私にプライドが無い(或いは、無いように見える)のは プライドの所在が他人と異なるからだ。私は私の深層に、これだけは突き崩させない 護り通さねばならない「モノ」を持っている、そのためならどんなに下らないことでもやり遂げるし媚びへつらうことも厭わない、笑いながら敗北できる。

…さてその深層にある「モノ」だが、実は大事に護りすぎるあまり、ほとんど実体を失ってしまったというのが妥当なところではないか。宝箱も王家の墓も 見つけた頃には空っぽなもの、言うなれば私は既に私自身の墓に相違無い。そしてたとえ肝心の中身を見つけたとしても、それは既に死んでいるのだ。


*ハーゲンダッツマカダミアより愛してる!


…とはいえ、具体的にそのひとのどこを愛しているのか問われてもうまく説明できない、性格や声や目や髪の毛や、もちろん愛しく思ってはいるものの、それはただの形骸に過ぎない。だがしかし形を愛しているならまだ理解しようもあるものを。

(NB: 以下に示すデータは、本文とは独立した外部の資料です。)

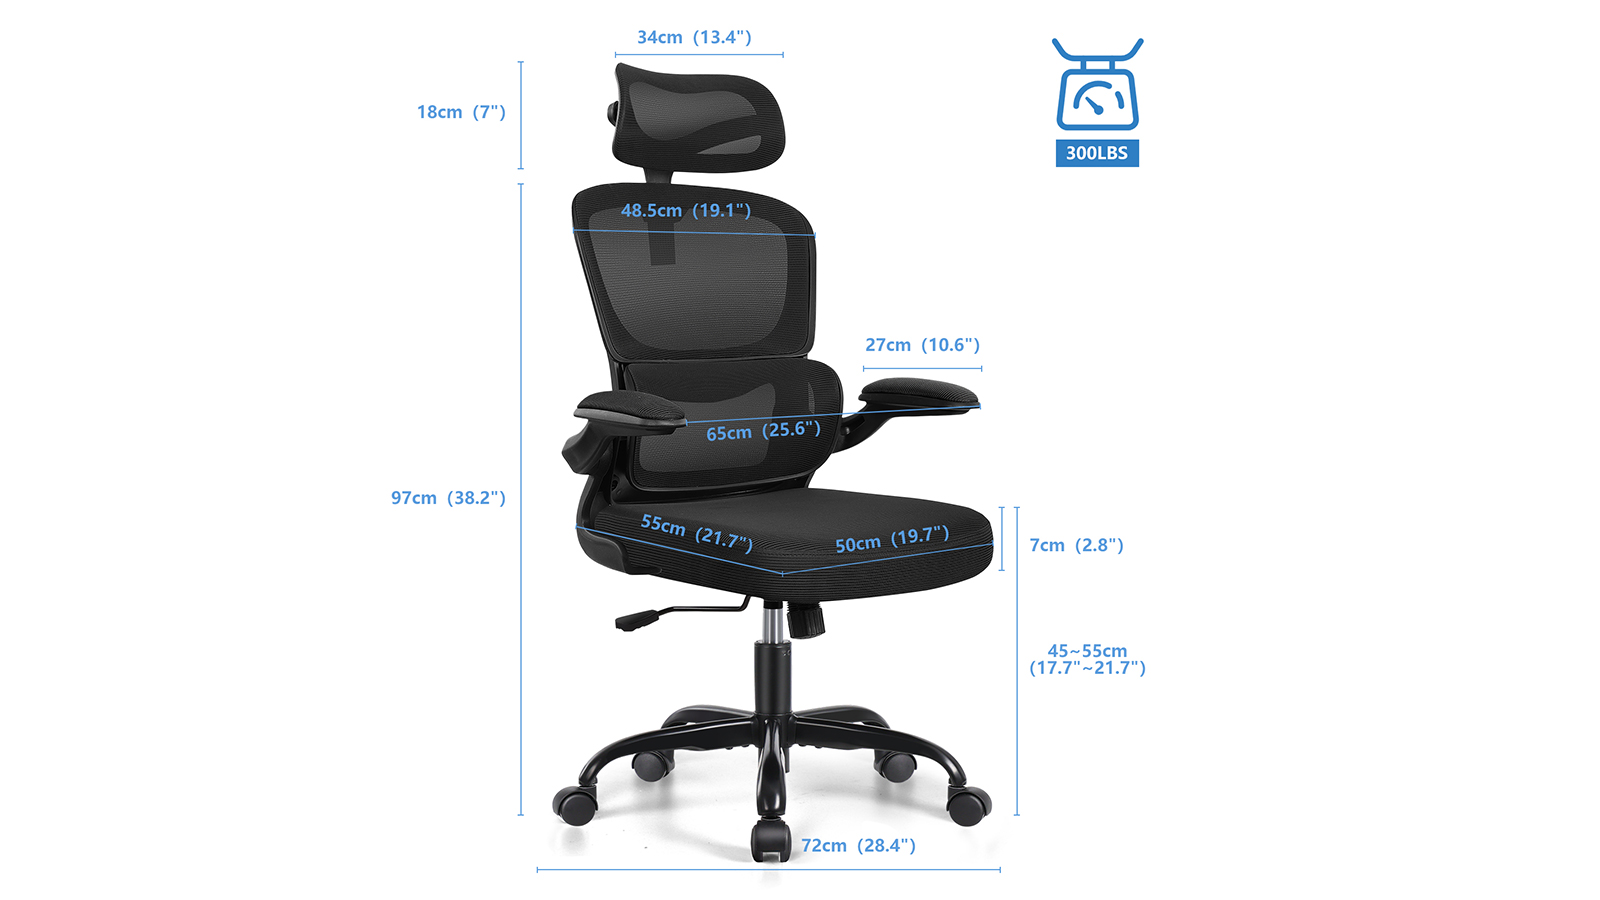 BTOD Akir Chair - Mesh Back and Fabric Seat

つまり自分でも理解不能なのだ、そのひとの何が他の人間と異なるのか分かっていない。
違ったのはただ、その人だけがわたしを廻る隔たり・壁・障害…を、越え得たということだけだ。

気付けばどうしようもなくわたしの中に入ってきていた、内部に侵入していた。ただそれだけなのに世界は厳然と分かたれた、峻別されてしまった。そのひとが居る世界と居ない世界の二つに。
二十年以上もの時間を共にした家族や、誰より親しい友人よりも、出会ったばかりのそのひとに、瞬く間に鮮やかに切り込まれた。

或いはそれを愛だとひとは言い、またそれを錯覚だとひとは言うのだろう。